## EXERCISE REQUIREMENTS
Beginning with the line containing "5 قطعة A5 شاشة" and ending with the last line of the entries below, copy each line exactly and nothing else.

## INFORMATION GIVEN
┄┄┄┄┄┄

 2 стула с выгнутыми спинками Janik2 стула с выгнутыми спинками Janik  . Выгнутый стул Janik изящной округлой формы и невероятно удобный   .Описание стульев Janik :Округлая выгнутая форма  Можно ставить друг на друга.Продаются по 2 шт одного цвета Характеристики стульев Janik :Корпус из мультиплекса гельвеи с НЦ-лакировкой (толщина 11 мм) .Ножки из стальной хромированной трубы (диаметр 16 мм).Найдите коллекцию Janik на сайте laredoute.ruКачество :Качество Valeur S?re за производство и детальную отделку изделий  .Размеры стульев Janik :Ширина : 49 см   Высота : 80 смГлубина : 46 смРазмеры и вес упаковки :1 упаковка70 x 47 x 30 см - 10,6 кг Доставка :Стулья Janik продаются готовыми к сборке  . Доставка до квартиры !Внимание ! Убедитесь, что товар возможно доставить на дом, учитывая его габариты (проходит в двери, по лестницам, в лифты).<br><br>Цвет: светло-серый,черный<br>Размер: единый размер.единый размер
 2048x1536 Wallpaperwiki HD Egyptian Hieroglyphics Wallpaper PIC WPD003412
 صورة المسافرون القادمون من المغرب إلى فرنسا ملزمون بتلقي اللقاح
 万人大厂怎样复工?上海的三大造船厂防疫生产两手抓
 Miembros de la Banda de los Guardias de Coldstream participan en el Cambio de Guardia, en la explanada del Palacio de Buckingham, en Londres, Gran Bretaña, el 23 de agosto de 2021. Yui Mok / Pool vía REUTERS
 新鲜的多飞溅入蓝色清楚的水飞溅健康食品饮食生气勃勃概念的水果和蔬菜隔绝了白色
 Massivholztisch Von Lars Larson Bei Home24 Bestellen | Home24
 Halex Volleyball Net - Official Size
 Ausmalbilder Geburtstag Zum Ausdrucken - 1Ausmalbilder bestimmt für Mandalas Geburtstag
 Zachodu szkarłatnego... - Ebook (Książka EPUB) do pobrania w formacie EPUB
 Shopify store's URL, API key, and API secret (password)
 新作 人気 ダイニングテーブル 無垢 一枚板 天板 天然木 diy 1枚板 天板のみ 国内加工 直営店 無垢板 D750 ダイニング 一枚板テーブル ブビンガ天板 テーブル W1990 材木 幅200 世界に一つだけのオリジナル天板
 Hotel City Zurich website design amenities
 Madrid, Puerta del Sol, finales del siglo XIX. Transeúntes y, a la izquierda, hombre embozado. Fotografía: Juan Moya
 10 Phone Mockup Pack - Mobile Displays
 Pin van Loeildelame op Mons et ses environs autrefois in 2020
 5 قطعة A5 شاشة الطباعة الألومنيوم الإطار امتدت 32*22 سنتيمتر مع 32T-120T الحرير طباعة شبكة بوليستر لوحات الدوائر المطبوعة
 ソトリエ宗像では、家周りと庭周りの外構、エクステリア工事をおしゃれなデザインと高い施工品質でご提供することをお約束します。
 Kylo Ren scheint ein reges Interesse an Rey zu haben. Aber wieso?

┄┄┄┄┄┄

## FINAL ANSWER
 5 قطعة A5 شاشة الطباعة الألومنيوم الإطار امتدت 32*22 سنتيمتر مع 32T-120T الحرير طباعة شبكة بوليستر لوحات الدوائر المطبوعة
 ソトリエ宗像では、家周りと庭周りの外構、エクステリア工事をおしゃれなデザインと高い施工品質でご提供することをお約束します。
 Kylo Ren scheint ein reges Interesse an Rey zu haben. Aber wieso?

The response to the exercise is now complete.